Curriculum / Academics / Specialties

Whether a student is interested in commercial transactions, criminal litigation, intellectual property law, business and commercial law, or many other practice areas, Marquette Law School offers a wide variety of course streams which map out the curriculum for law students and help them chart their way through the Law School’s academic offerings.

  • Nationally Recognized Programs: Students take advantage of coursework and experiences in three nationally recognized programs: Sports Law, Alternative Dispute Resolution, and Legal Writing.
  • Practical Skills: Each course stream integrates doctrinal courses with learning opportunities through workshop courses that are dedicated to exercises that focus on the development of the practical skills necessary to be successful in the legal profession.
  • Faculty: Professors offer support by maintaining an open-door policy and actively engaging with students outside of the classroom in many ways, including hosting live-café sessions, supervising moot-court competitions, and even participating in recreational sports.


Marquette curriculum is basically organized in what we call practice streams.

It's valuable, because it helps students map out their curriculum for really their time with Marquette.

We have streams of practice in commercial law, employment law, health law, criminal law.

We have a sports law program that's nationally known, an alternative dispute resolution program that's nationally known, and very well respected. Then we also are especially strong in litigation. We have an extremely strong program in legal writing, and our students leave that program with really strong writing skills. And we hear that a lot from attorneys.

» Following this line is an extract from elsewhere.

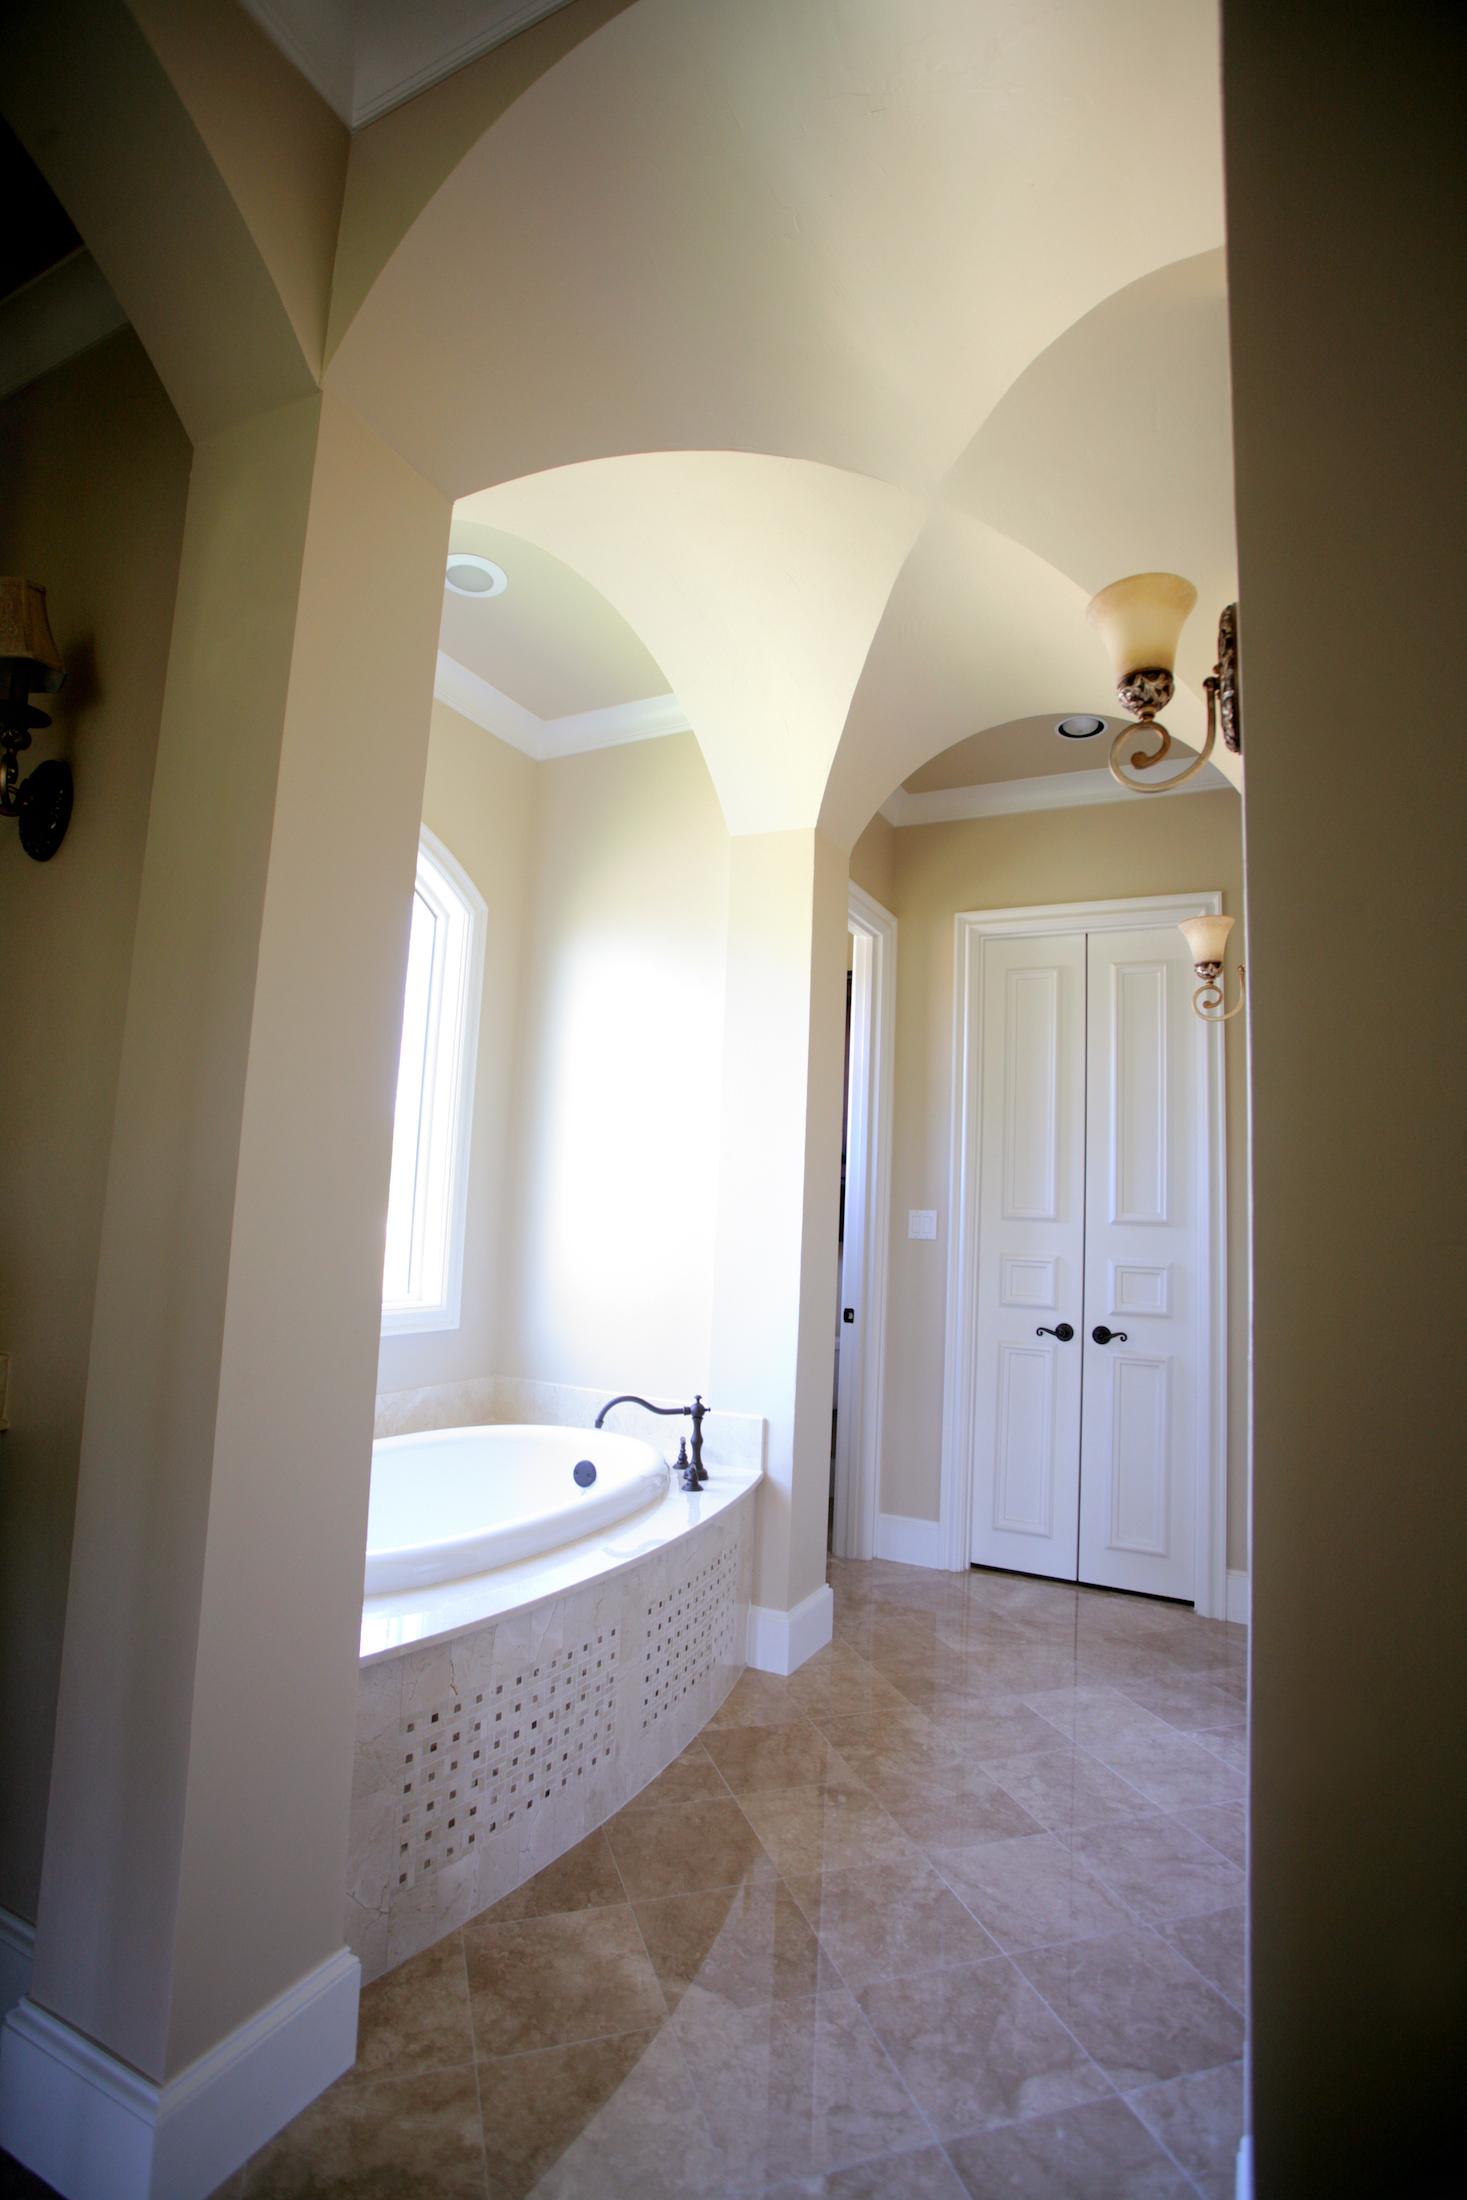 Bathroom Design (Custom Texas Homes): Groin Arch in Master Bath

We try to support each of those practice streams with clinical learning opportunities, and each of our curricular streams has at least one workshop to it.

Those are practice-based classes. I teach two workshops, one of them on contract drafting, and another one is called business planning.

And these are opportunities right within the law school through simulated exercises to give our students an opportunity to work on those skills as they're going to need as lawyers. We in the law faculty at Marquette pride ourselves on making ourselves available to our students. Most of us have pretty much an open door policy.

It's a practice for eight years. Marquette really values the practice experience knowing that we can then bring what we've learned in practice into the classroom. We'll have cafe sessions with my students, faculty supervised societies with supervised moot court. Sometimes I play ping pong with the students. Sometimes I bowl with the students. In fact, I do that every year. Faculty are involved with a lot of activities outside of the classroom with students.